But on the other hand, even if it didn't go out of scope, i don't really see where field a was initialized here.

Soo what makes you think it's a false positive?

Szelethus added inline comments.Sep 7 2018, 3:56 AM
test/Analysis/cxx-uninitialized-object.cpp
879–902 ↗(On Diff #163992)

Soo what makes you think it's a false positive?

Poor choice of words I guess. Its not a false positive (as the entire region of that lambda is undefined), but rather a false negative, as the analyzer doesn't pick up that *ptr is a dangling pointer.

I ran the checker on LLVM/Clang and grpc, and saw no crashes at all! Quite confident about the current diff. However, I'm not 100% sure it doesn't break on Objective C++ codes. Can you recommend a project like that?

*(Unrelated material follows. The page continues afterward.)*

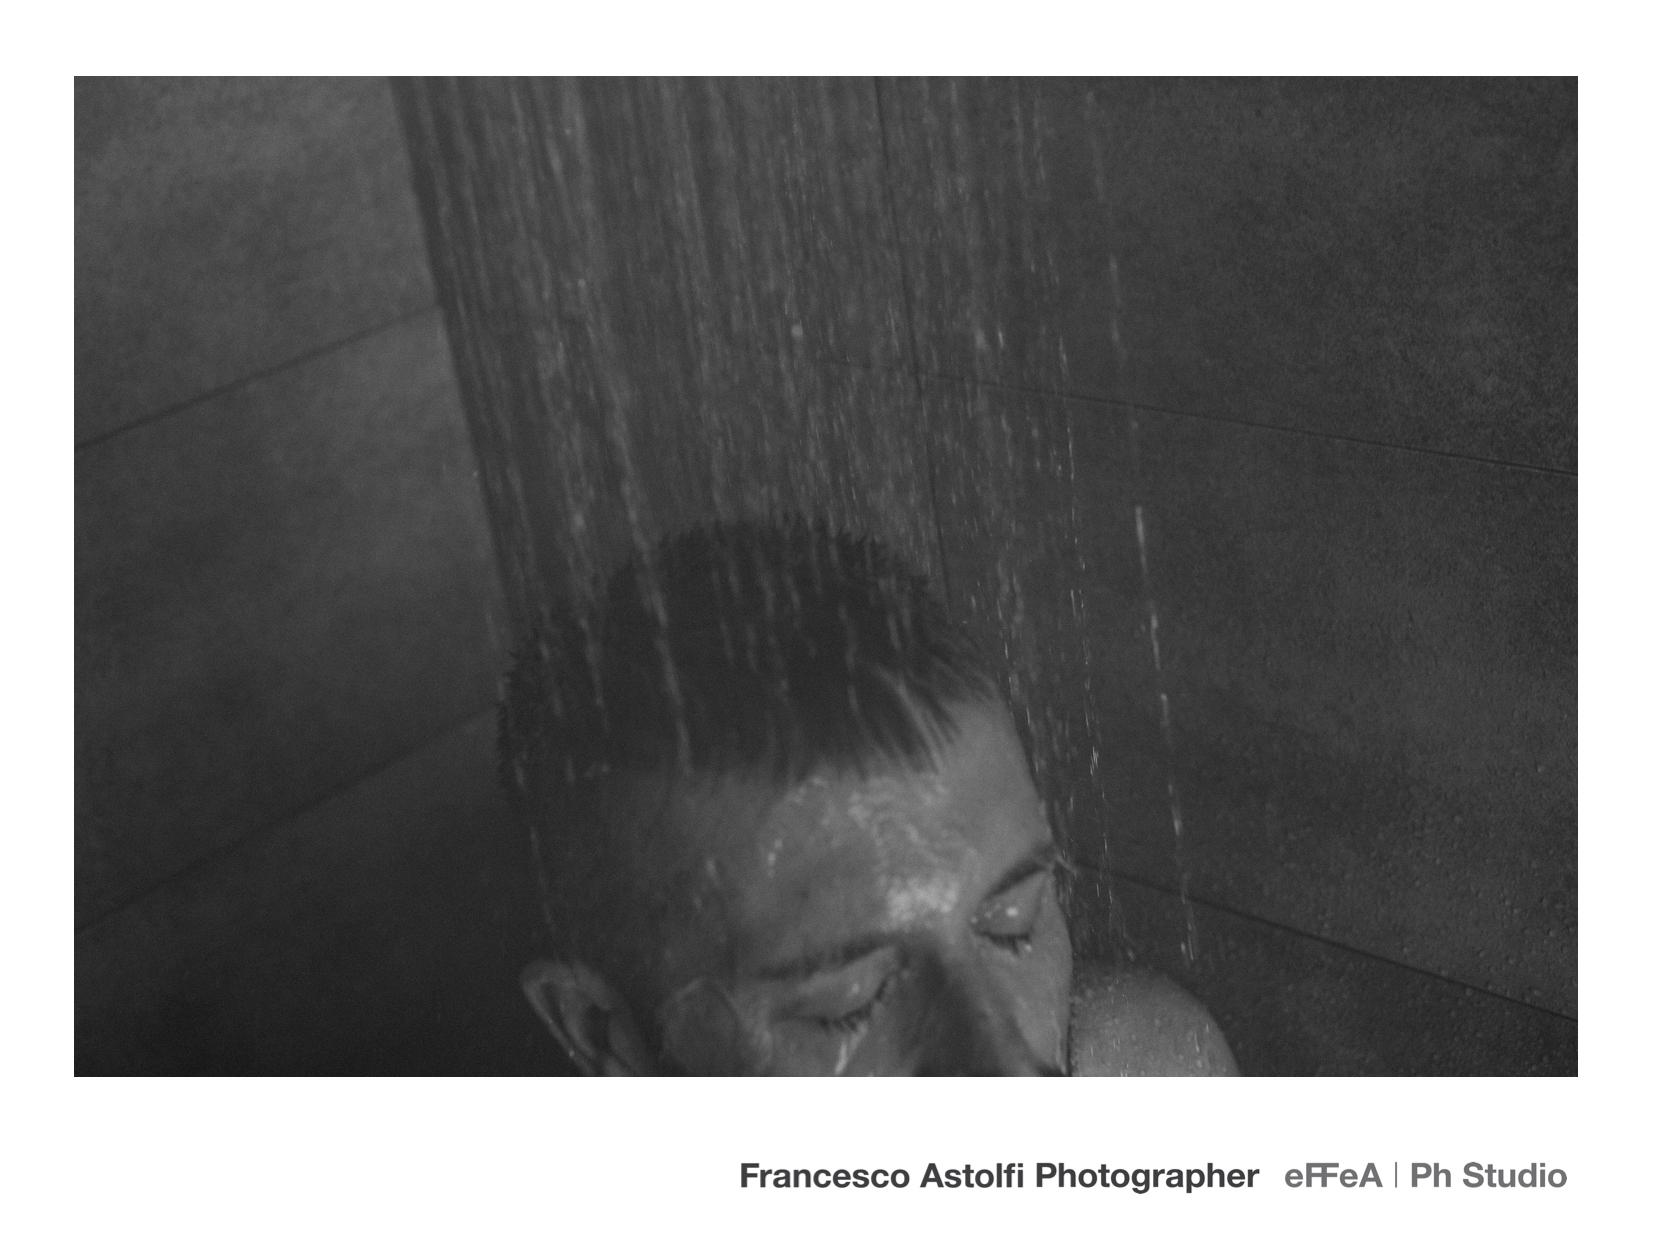 009 - ANDREA S. - Photo by Francesco Astolfi

NoQ accepted this revision.Sep 13 2018, 6:56 PM

Looks good i guess. I'm glad this is sorted out^^

This revision is now accepted and ready to land.Sep 13 2018, 6:56 PM
This revision was automatically updated to reflect the committed changes.
isuckatcs added inline comments.
cfe/trunk/lib/StaticAnalyzer/Checkers/UninitializedObject/UninitializedPointee.cpp
222

@Szelethus @NoQ @xazax.hun I ran into an issue related to this line.

Consider this test case:

struct CyclicPointerTest1 {
  int *ptr; // expected-note{{object references itself 'this->ptr'}}
  int dontGetFilteredByNonPedanticMode = 0;

  CyclicPointerTest1() : ptr(reinterpret_cast<int *>(&ptr)) {} // expected-warning{{1 uninitialized field}}
};

At this point, with the example above, the store looks like this:

{"kind": "Direct", "offset": 0, "extent": 64, value: &Element{temp_object{CyclicPointerTest1, S915}.ptr,0 S64b,int}}
{"kind": "Direct", "offset": 64, "extent": 32, value: 0 S32b}

which means the values are the following:

V = &Element{temp_object{CyclicPointerTest1, S915}.ptr,0 S64b,int}
R = Element{temp_object{CyclicPointerTest1, S915}.ptr,0 S64b,int}
DynT = PointerType ... 'int *'

when State->getSVal(R, DynT) is called, eventually RegionStoreManager::getBinding() will also be invoked, where because R is an ElementRegion we reach these lines:

if (const ElementRegion *ER = dyn_cast<ElementRegion>(R)) {
  // FIXME: Here we actually perform an implicit conversion from the loaded
  // value to the element type.  Eventually we want to compose these values
  // more intelligently.  For example, an 'element' can encompass multiple
  // bound regions (e.g., several bound bytes), or could be a subset of
  // a larger value.
  return svalBuilder.evalCast(getBindingForElement(B, ER), T, QualType{});
}

What happens here is that we call getBindingForElement(B, ER) and whatever value it returns, we cast to T, which is int * in this example. The type of the element inside the ER however is an int, so the following lookup will be performed:

Binding being looked up: 
  {"kind": "Direct", "offset": 0, "extent": 32}
------------------------------------------------------------------------------------------------------------------------
Store:
  {"kind": "Direct", "offset": 0, "extent": 64 value: &Element{temp_object{CyclicPointerTest1, S915}.ptr,0 S64b,int}}
  {"kind": "Direct", "offset": 64, "extent": 32 value: 0 S32b}

Since extents are ignored by default, the returned value will be &Element{temp_object{CyclicPointerTest1, S915}.ptr,0 S64b,int}}, which is indeed a pointer, however I'm not sure that the lookup here is actually correct.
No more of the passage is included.